UNLV-Dayton men's basketball game canceled after deadly shooting on Las Vegas campus

A men's basketball game between Dayton and UNLV scheduled for Wednesday was canceled following the shooting on the Las Vegas campus that police say left three dead and a fourth critically wounded.

Names of the shooting victims were not initially released. Per UNLV campus police, callers reported an active shooter at 11:45 a.m. local time. Per UNLV Police Chief Adam Garcia, officers eventually located and killed the suspect in a shootout. The suspect was not immediately identified, nor was the motive for the shooting.

Per the Associated Press, students and faculty on the campus of 30,000 students barricaded themselves in classrooms and dorm rooms during the roughly 40 minutes while the shooting remained active.

Dayton announced the cancellation of Wednesday's game on social media with a note that further information will released when available. It's not clear if the game will be rescheduled.

"We ask that our fans keep the UNLV community in their thoughts and prayers," the statement reads.

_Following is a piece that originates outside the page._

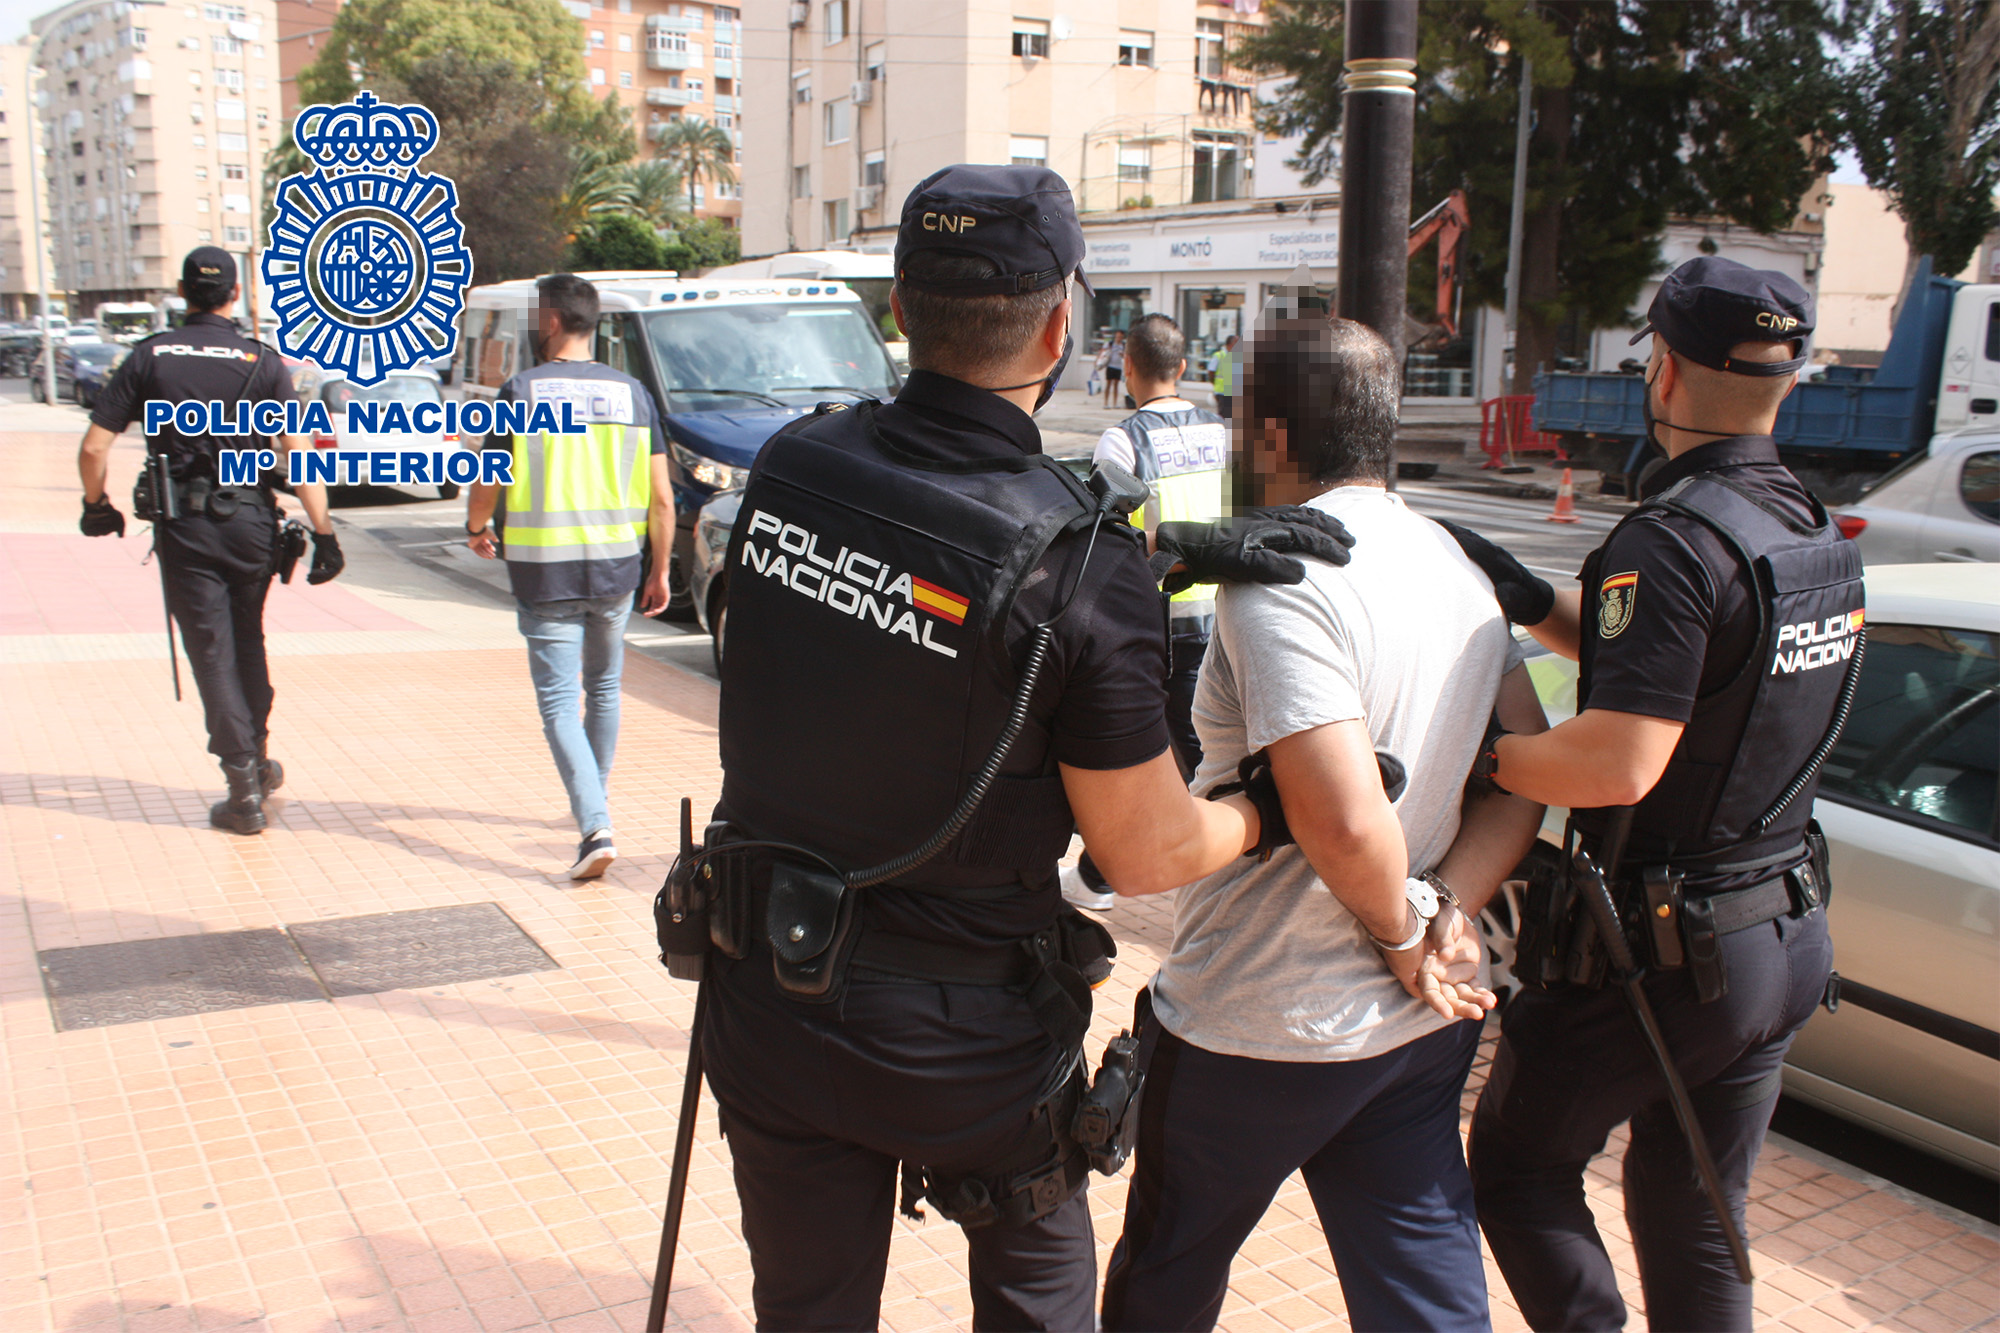 Trasllat del detingut per dos agents de Policia Nacional

The shooting is far from the first to impact a college campus, college athletics or Las Vegas. A shooter on Michigan State's campus in February killed three students and wounded five others. That shooting prompted the shutdown of all on-campus activities including a Michigan State-Minnesota men's basketball game.

The shooting in East Lansing elicited outrage from many including Michigan State coach Tom Izzo who decried the ongoing gun violence in the United States. Per the Gun Violence Archive, Tuesday's was the 631st mass shooting in the U.S. in 2023.

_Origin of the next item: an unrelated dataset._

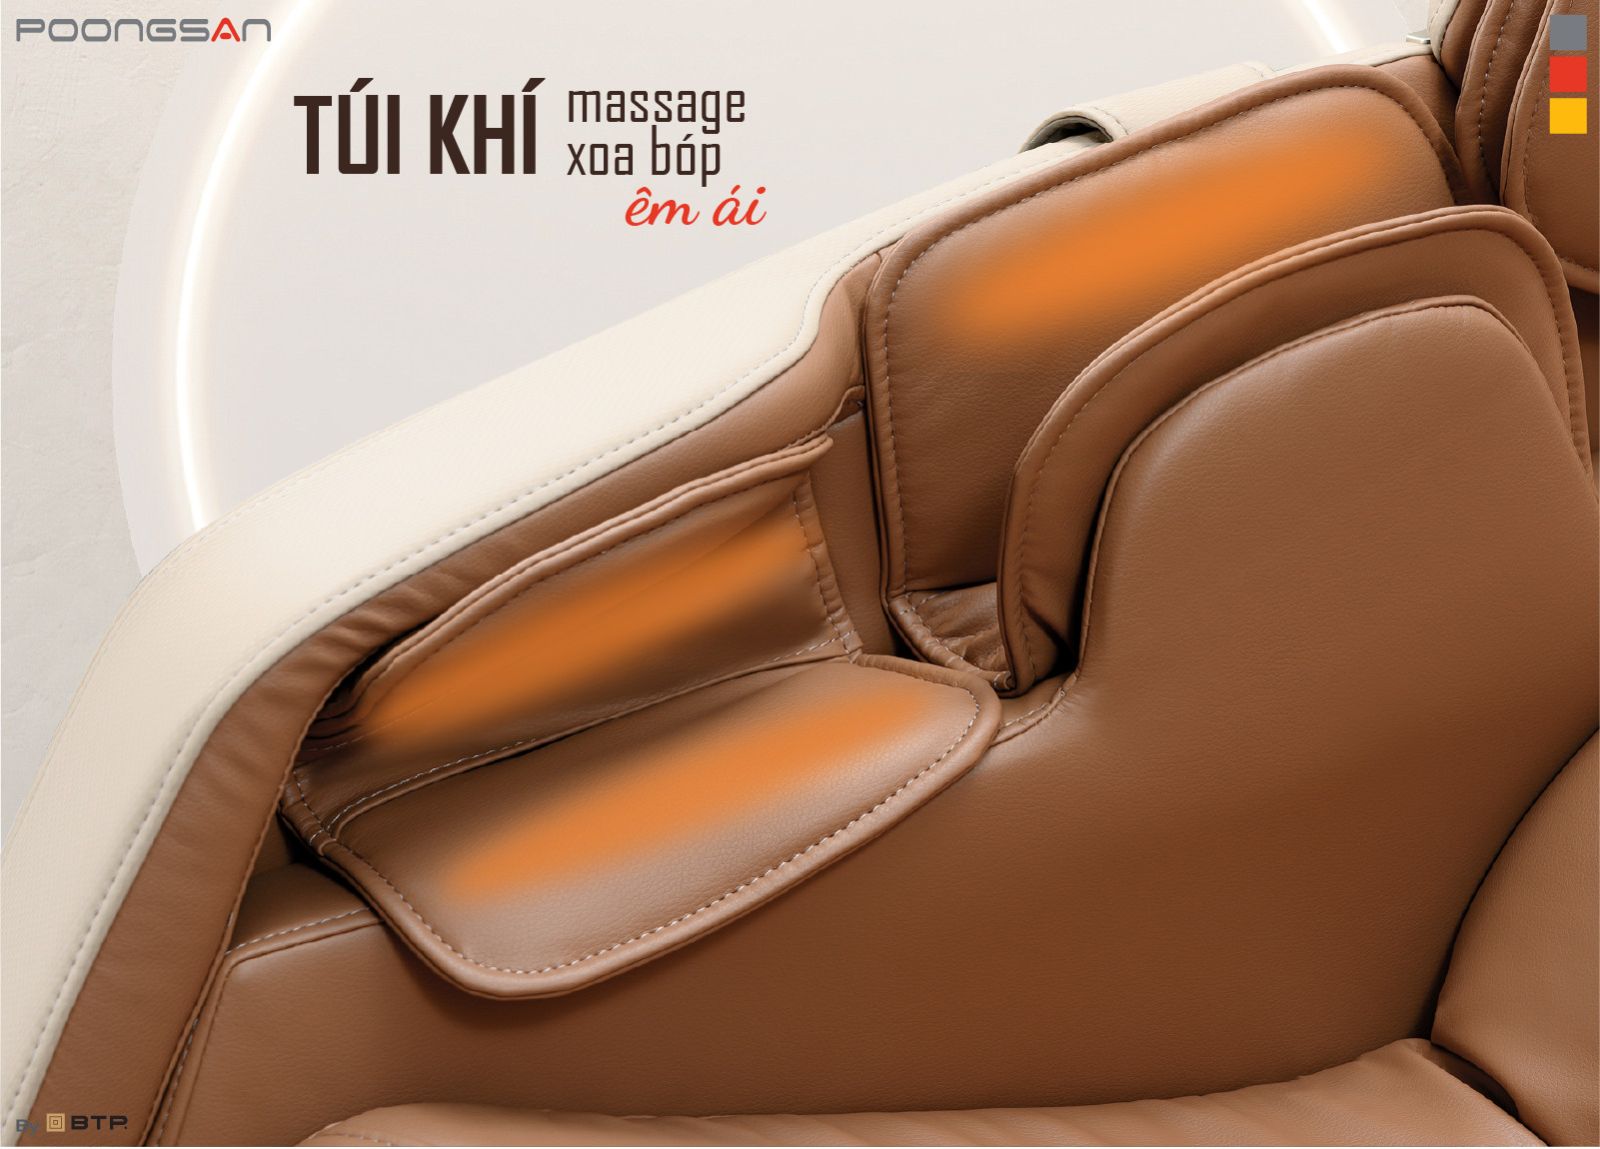 Túi khí massage xoa bóp êm ái của Poongsan MCP-300

In 2017, the Las Vegas strip was witness to the deadliest mass shooting in modern U.S. history, a massacre that killed 60 people and left more than 850 injured. Wednesday's shooting prompted reaction from the Las Vegas sports community and LeBron James, whose Los Angeles Lakers are in town for the semifinals of the NBA's in-season tournament.

"We're the only ones who keep dealing with this same story this same conversation every single time it happens," James said of guns in America. "It just continues to happen. The ability to get a gun, the ability to do these things over and over and over.

"And there's been no change. It's literally ridiculous. It makes no sense to continue to lose innocent lives on campuses, on schools, in shopping markets, movie theaters — all types of stuff. It's ridiculous."

The Las Vegas Raiders and Las Vegas Knights and Oakland As — who are scheduled to move to Las Vegas — each releases statements Wednesday addressing the shooting.